Open Access Article
Zong-Rong Yea,
I.-Shou Huangab,
Yu-Te Chanac,
Zhong-Ji Lia,
Chen-Cheng Liaoa,
Hao-Rong Tsaia,
Meng-Chi Hsieha,
Chun-Chih Changad and
Ming-Kang Tsai
*a
aDepartment of Chemistry, National Taiwan Normal University, Taipei, 11677, Taiwan. E-mail: mktsai@ntnu.edu.tw
bDepartment of Chemistry, The University of Chicago, Chicago, IL 60637, USA
cTheoretical Chemistry and Catalysis Research Center, Technical University Munich, Lichtenbergstr. 4, 85747 Garching, Germany
dDepartment of Chemical and Materials Engineering, Chinese Culture University, Taipei, 11114, Taiwan
First published on 23rd June 2020
Organic fluorescent molecules play critical roles in fluorescence inspection, biological probes, and labeling indicators. More than ten thousand organic fluorescent molecules were imported in this study, followed by a machine learning based approach for extracting the intrinsic structural characteristics that were found to correlate with the fluorescence emission. A systematic informatics procedure was introduced, starting from descriptor cleaning, descriptor space reduction, and statistical-meaningful regression to build a broad and valid model for estimating the fluorescence emission wavelength. The least absolute shrinkage and selection operator (Lasso) regression coupling with the random forest model was finally reported as the numerical predictor as well as being fulfilled with the statistical criteria. Such an informatics model appeared to bring comparable predictive ability, being complementary to the conventional time-dependent density functional theory method in emission wavelength prediction, however, with a fractional computational expense.

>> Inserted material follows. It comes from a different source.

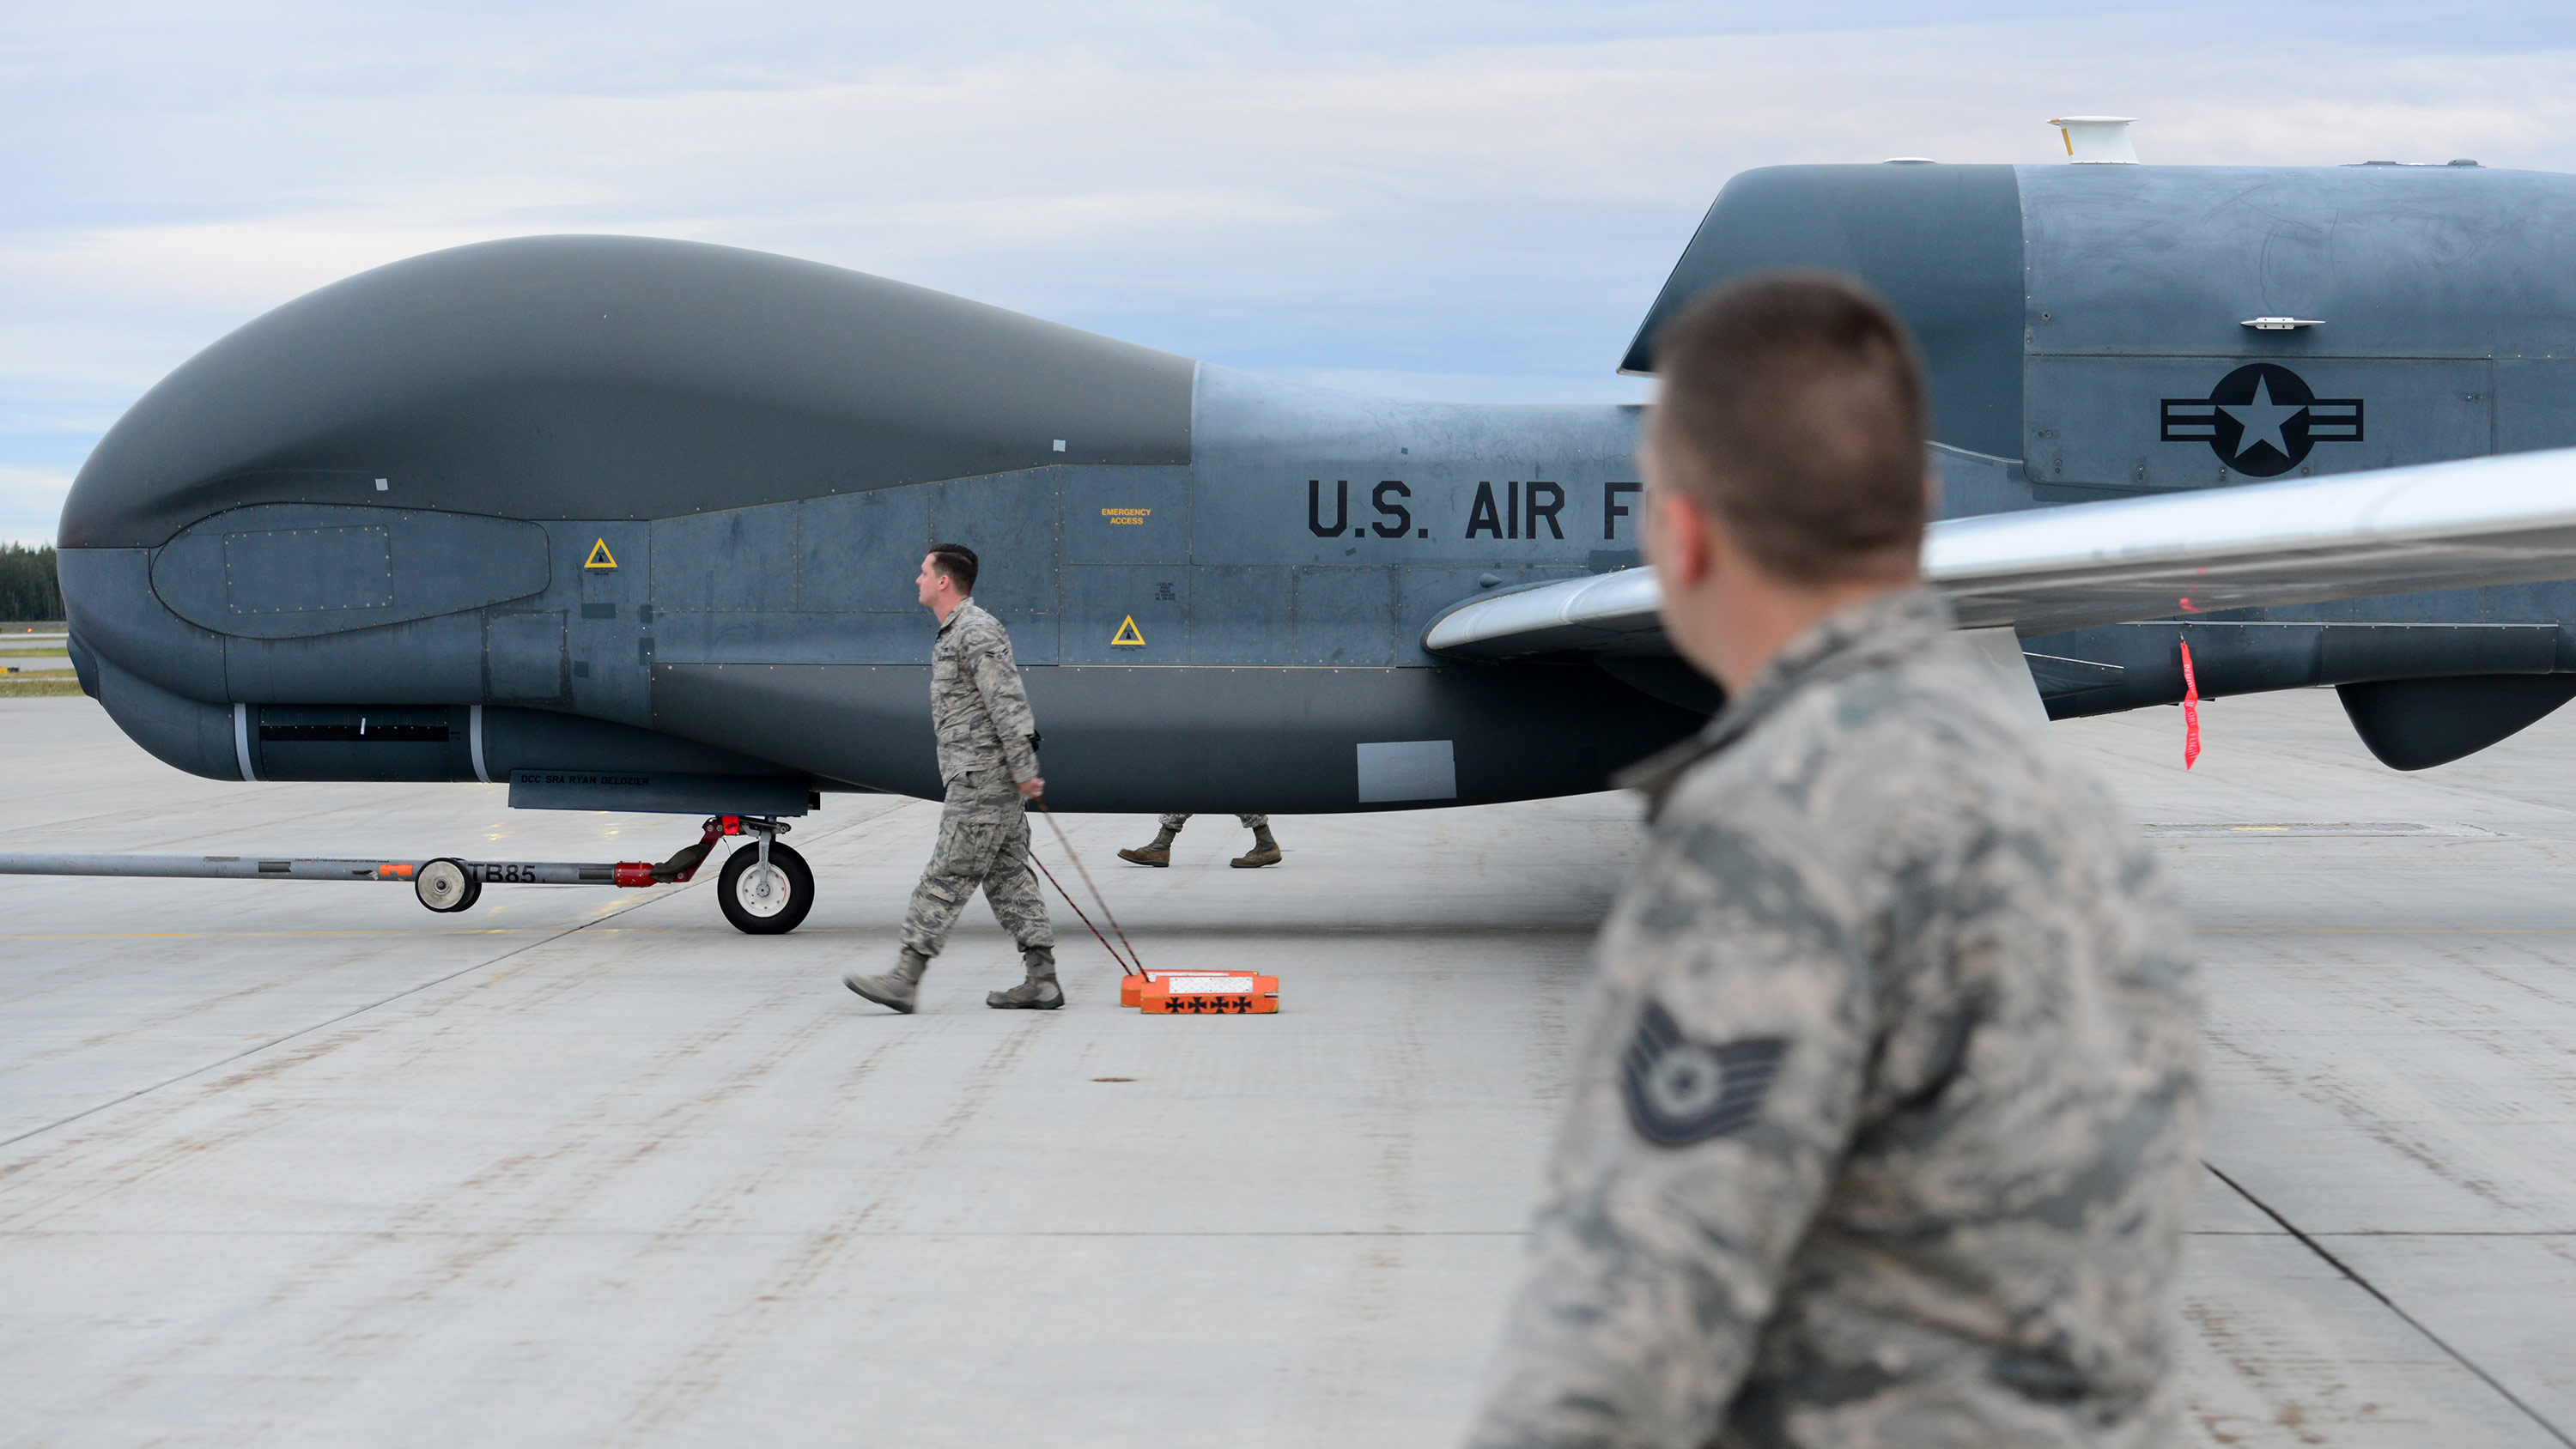 A team of 12th Aircraft Maintenance Unit Airmen walk beside an RQ-4 Global Hawk while it’s being towed during Red Flag Alaska 18-3, Aug. 16, 2018, at Eielson Air Force Base, Alaska. This marks the first time an RQ-4 has landed in Alaska during a simulated combat training exercise. (U.S. Air Force photo by Airman 1st Class Tristan D. Viglianco)

All these fluorescent molecule applications and properties are closely related to the interactions of different chemical bonding structures at different electronic states, leading to the conventional schematic representation of Jablonski diagram.4 For a long history, chemists have been searching for the fluorescent core structures ranging from biological proteins and peptides, small organic molecules, other synthetic oligomers or polymers.5 One of the organic fluorescent core structures is coumarin isolated from tonka beans in 1820.6 In 2012, Chen et al. studied the coumarin related chromophores, and discovered two isomers with the inversed tetracyclic pyrazolo[3,4-b]pyridine structures with the distinctive fluorescence emission wavelengths.7 In addition to coumarin, various organic core structures have been introduced for the optical applications, e.g. xanthene, cyanine, squaraine, naphthalene, oxadiazole, anthracene, pyrene, oxazine, acridine, arylmethine, and tetrapyrrole.3 In order to build a new fluorescent molecule, chemists are prone to explore the available core structure and modify its chemical bonding environment to advance the corresponding photophysical and photochemical properties.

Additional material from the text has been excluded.